The cause should be caused by the following function call:
cudaMemcpy(g1, g0, buf_size, cudaMemcpyDefault)
And g0 and g1 are defined as:
float *g0;
checkCudaErrors(cudaMalloc(&g0, buf_size));
float *g1;
checkCudaErrors(cudaMalloc(&g1, buf_size));
I’ve also enabled AMD-vi and IOMMU, but it still does not work. Does this mean that cuda’s UVA can only work on Intel platform?
Sorry, I made a mistake, the codes that caused the problem is:
printf("Run kernel on GPU%d, taking source data from GPU%d and writing to GPU%d...\n",
gpuid[0], gpuid[1], gpuid[0]);
checkCudaErrors(cudaSetDevice(gpuid[0]));
SimpleKernel<<<blocks, threads>>>(g1, g0);
checkCudaErrors(cudaDeviceSynchronize());
By saying crash I meant that the system totally did not respond. And sometimes the CPU would throw bugs like (NMI watchdog: Bug: soft lockup …).
However, this problem happened because the configuration of IOMMU on my motherboard was set to auto mode. Then I switched it to enable mode. In both these two modes, cuda’s P2P met problems. Finally the IOMMU was switched to disable mode, then the problem was solved.
Thank you! You are a life saver! I couldn’t figure out why my Titan RTXs kept crashing while running both CUDA workloads and things like basic 3D applications (games or Unreal Engine 4). Disabling IOMMU on my Threadripper 3970X solved the issue completely.
For some reason if I have IOMMU enabled, I get constant Nvidia driver crashes and sometimes system lockups while running any CUDA workloads or while working inside of Unreal Engine 4 (or playing games). Not sure what the issue is but Nvidia might want to look into it. I’m going to submit a bug report.

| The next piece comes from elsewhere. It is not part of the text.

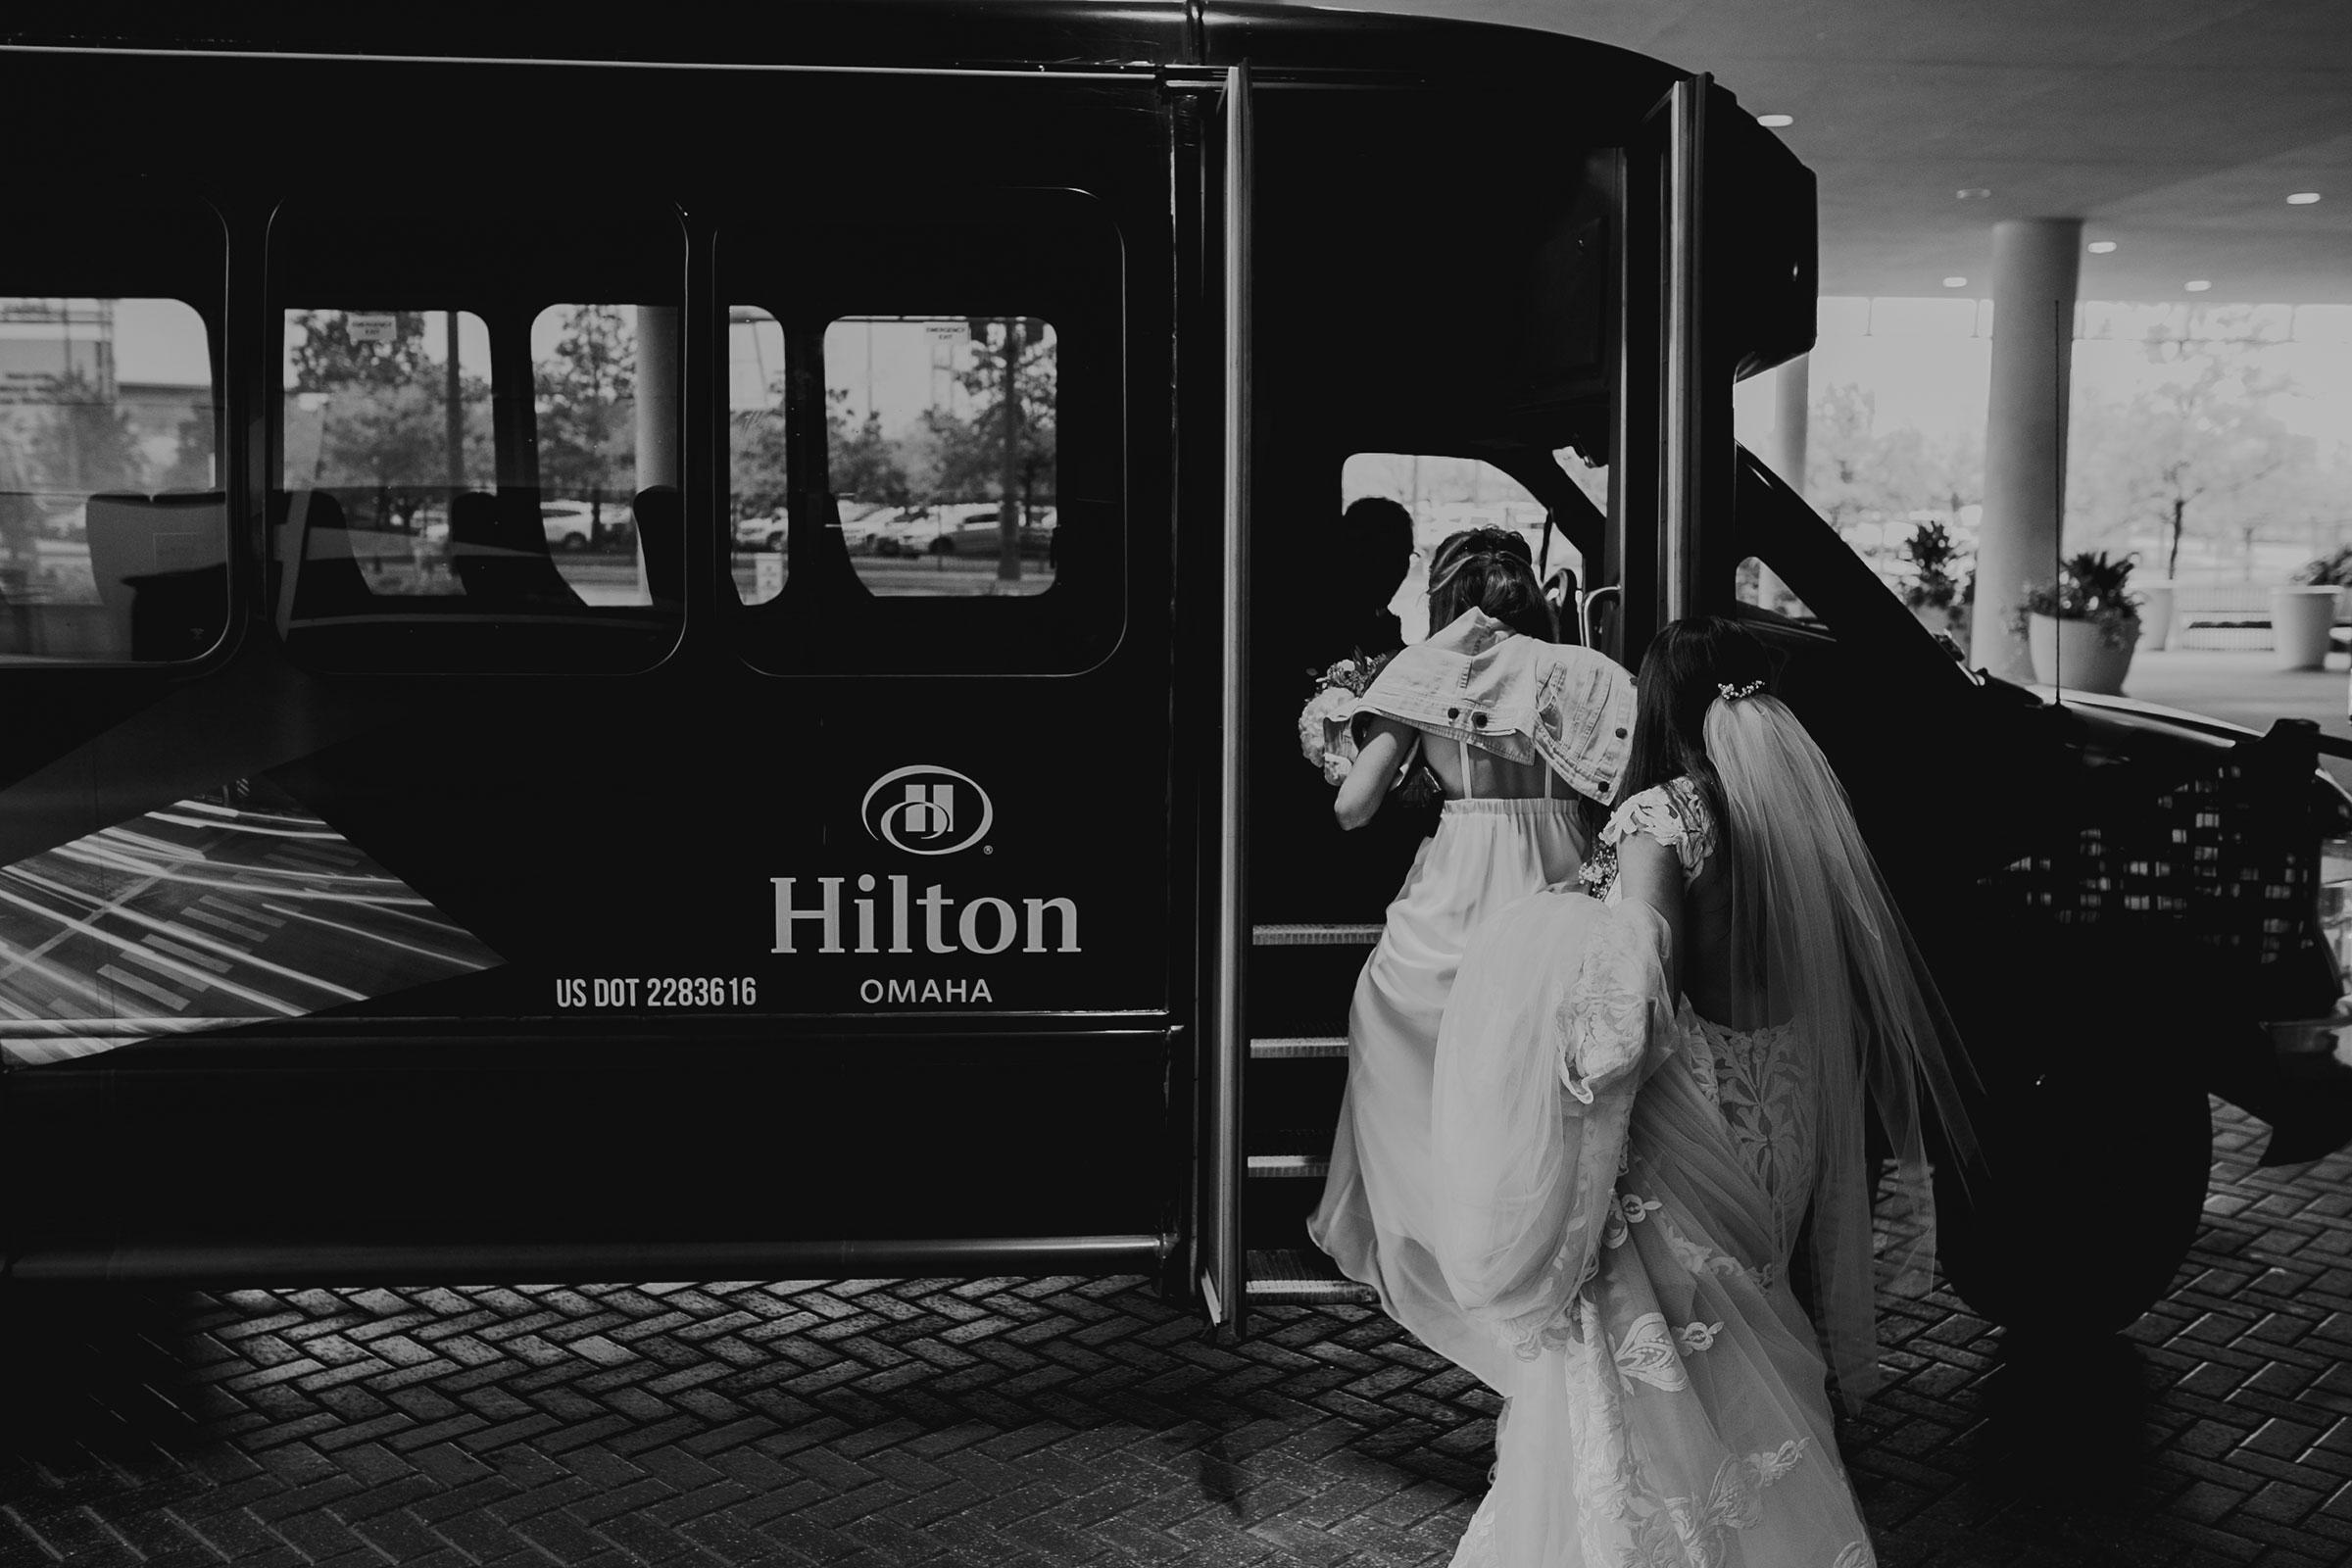 bridal-party-getting-on-shuttle-hilton-omaha-nebraska-raelyn-ramey-photography.jpg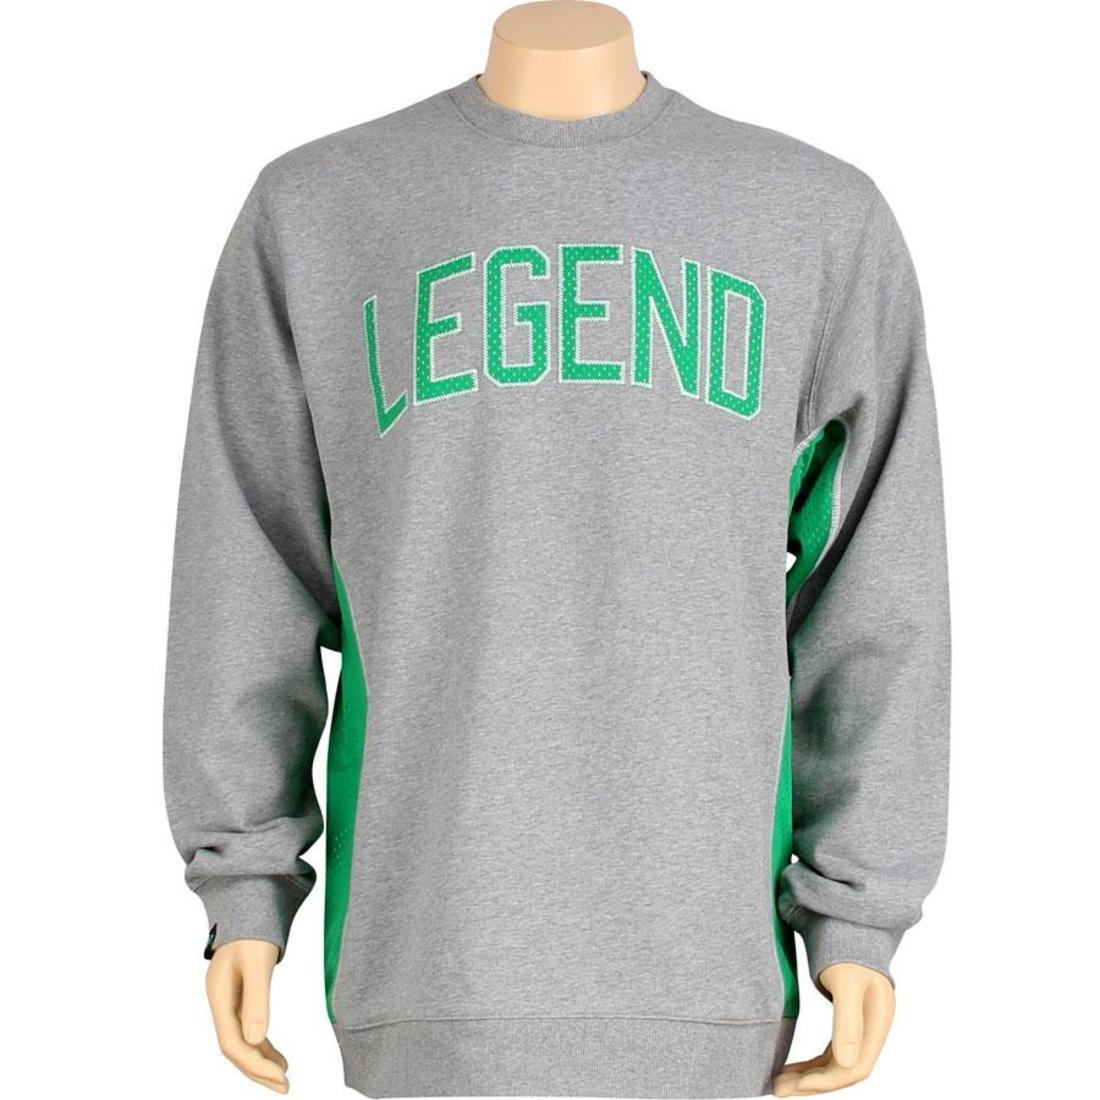 K1X レジェンド 灰色 グレ ボストン ヘザー 緑 グリーン 【 LEGEND HEATHER GREEN K1X LARRY CREWNECK GREY BOSTON 】 メンズファッション トップス Tシャツ カットソー

I also noticed strange behavior with IOMMU enabled like Code 43 error appearing on one or both GPUs seemingly at random after a cold boot. I am not currently running Windows inside of a VM, it’s running native. I would have to DDU the drivers for the Code 43 to disappear. Since disabling IOMMU, all issues have disappeared.